• **WORK REQUIRED**:
The line holding "oh baby! Ombre Layered Skirt - Cotton Candy" is the last one to output; start at the first line of the data, keep every line in between exactly, and leave out pictures.

• **DATA EXCERPT**:
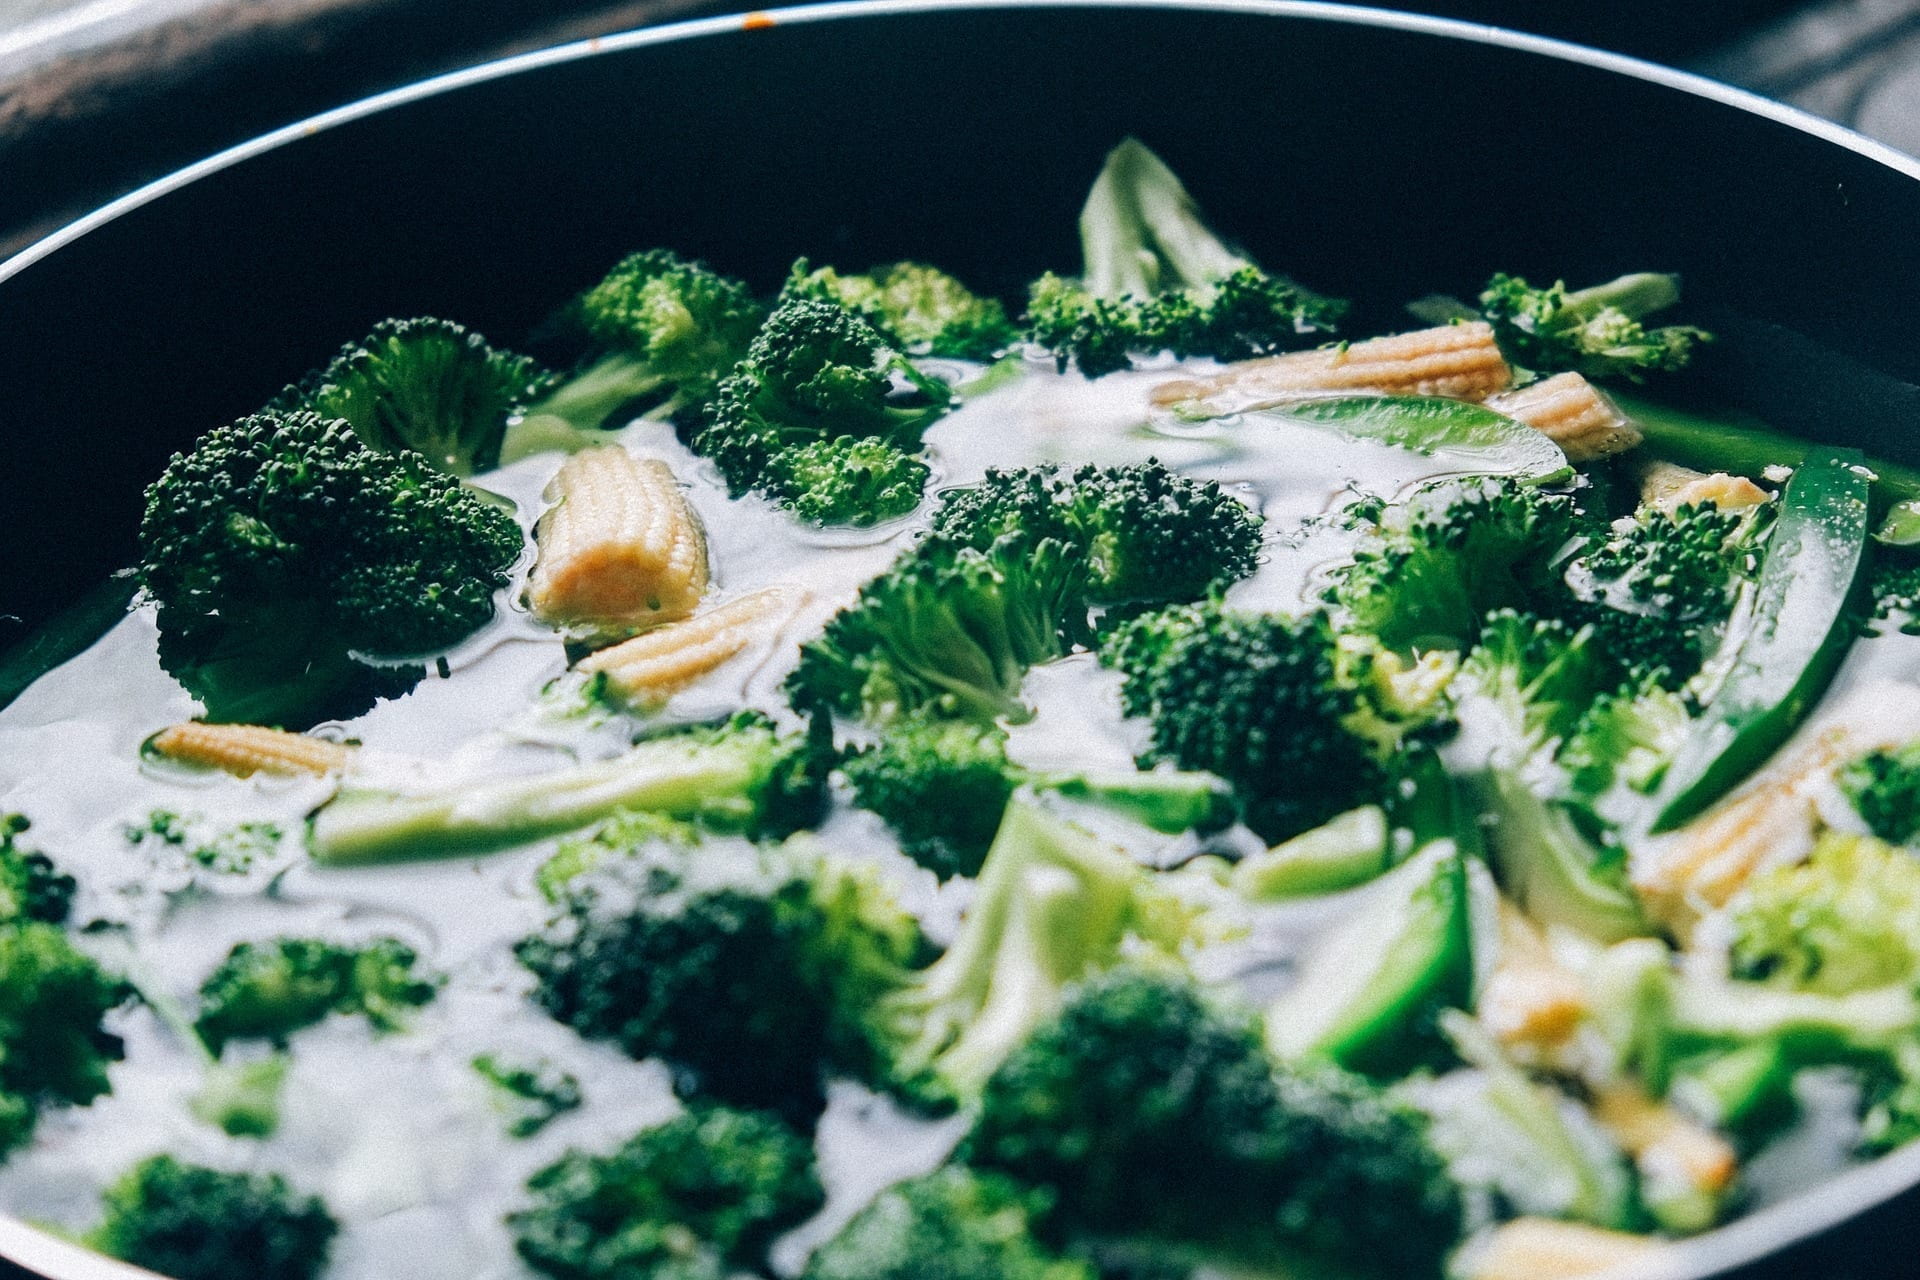 Broccoli, sweetcorn and snap peas, in a pan of water.
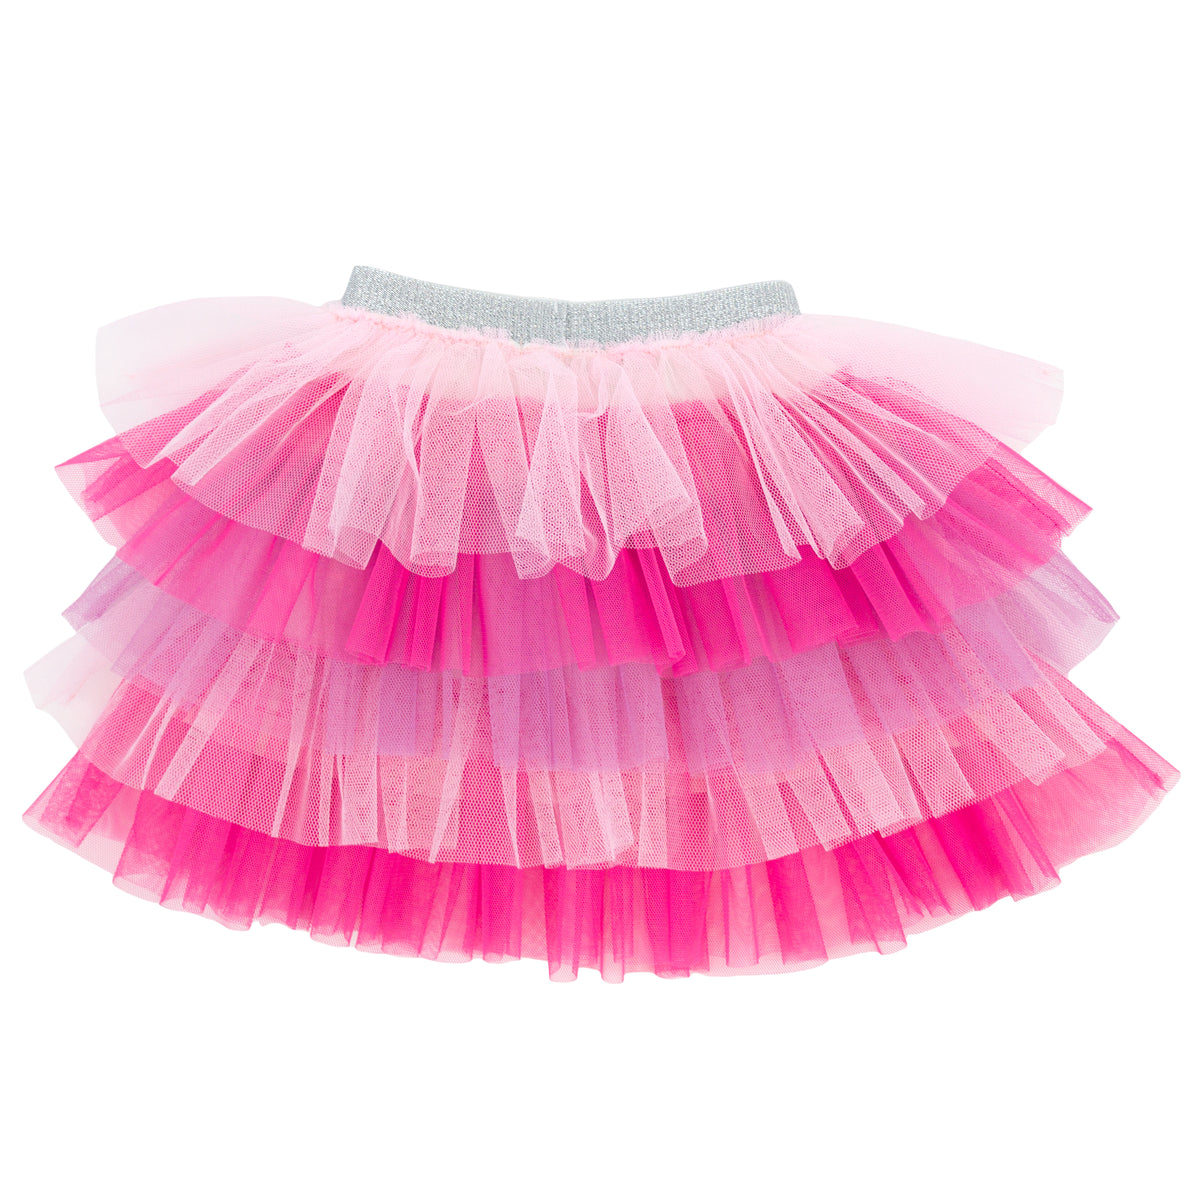 oh baby! Ombre Layered Skirt - Cotton Candy
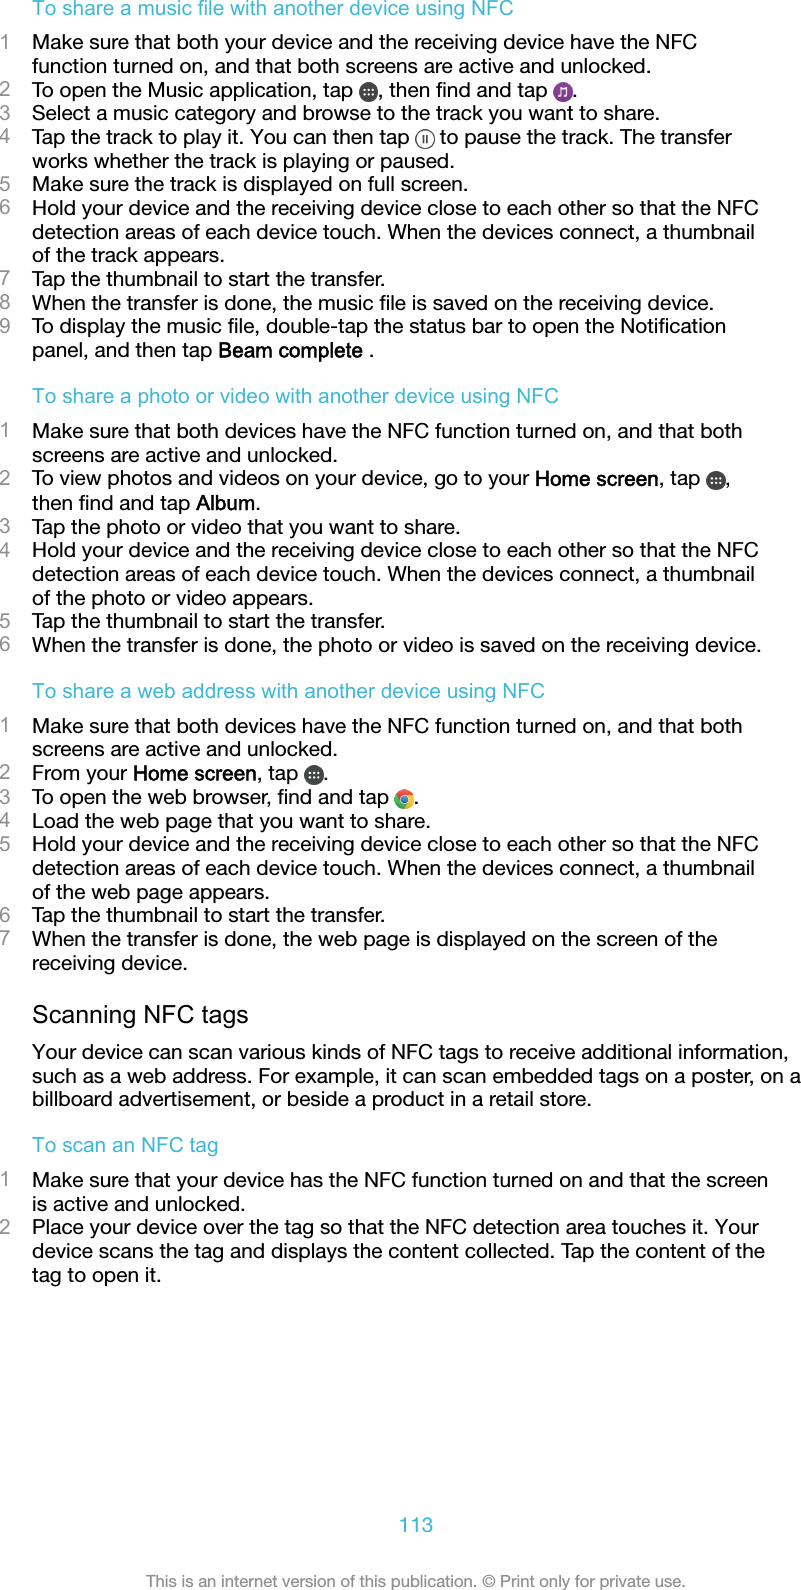 To share a music file with another device using NFC1Make sure that both your device and the receiving device have the NFCfunction turned on, and that both screens are active and unlocked.2To open the Music application, tap  , then ﬁnd and tap  .3Select a music category and browse to the track you want to share.4Tap the track to play it. You can then tap   to pause the track. The transferworks whether the track is playing or paused.5Make sure the track is displayed on full screen.6Hold your device and the receiving device close to each other so that the NFCdetection areas of each device touch. When the devices connect, a thumbnailof the track appears.7Tap the thumbnail to start the transfer.8When the transfer is done, the music ﬁle is saved on the receiving device.9To display the music ﬁle, double-tap the status bar to open the Notiﬁcationpanel, and then tap Beam complete .To share a photo or video with another device using NFC1Make sure that both devices have the NFC function turned on, and that bothscreens are active and unlocked.2To view photos and videos on your device, go to your Home screen, tap  ,then ﬁnd and tap Album.3Tap the photo or video that you want to share.4Hold your device and the receiving device close to each other so that the NFCdetection areas of each device touch. When the devices connect, a thumbnailof the photo or video appears.5Tap the thumbnail to start the transfer.6When the transfer is done, the photo or video is saved on the receiving device.To share a web address with another device using NFC1Make sure that both devices have the NFC function turned on, and that bothscreens are active and unlocked.2From your Home screen, tap  .3To open the web browser, ﬁnd and tap  .4Load the web page that you want to share.5Hold your device and the receiving device close to each other so that the NFCdetection areas of each device touch. When the devices connect, a thumbnailof the web page appears.6Tap the thumbnail to start the transfer.7When the transfer is done, the web page is displayed on the screen of thereceiving device.Scanning NFC tagsYour device can scan various kinds of NFC tags to receive additional information,such as a web address. For example, it can scan embedded tags on a poster, on abillboard advertisement, or beside a product in a retail store.To scan an NFC tag1Make sure that your device has the NFC function turned on and that the screenis active and unlocked.2Place your device over the tag so that the NFC detection area touches it. Yourdevice scans the tag and displays the content collected. Tap the content of thetag to open it.113This is an internet version of this publication. © Print only for private use.

• **TASK ANSWER**:
 Broccoli, sweetcorn and snap peas, in a pan of water.
 oh baby! Ombre Layered Skirt - Cotton Candy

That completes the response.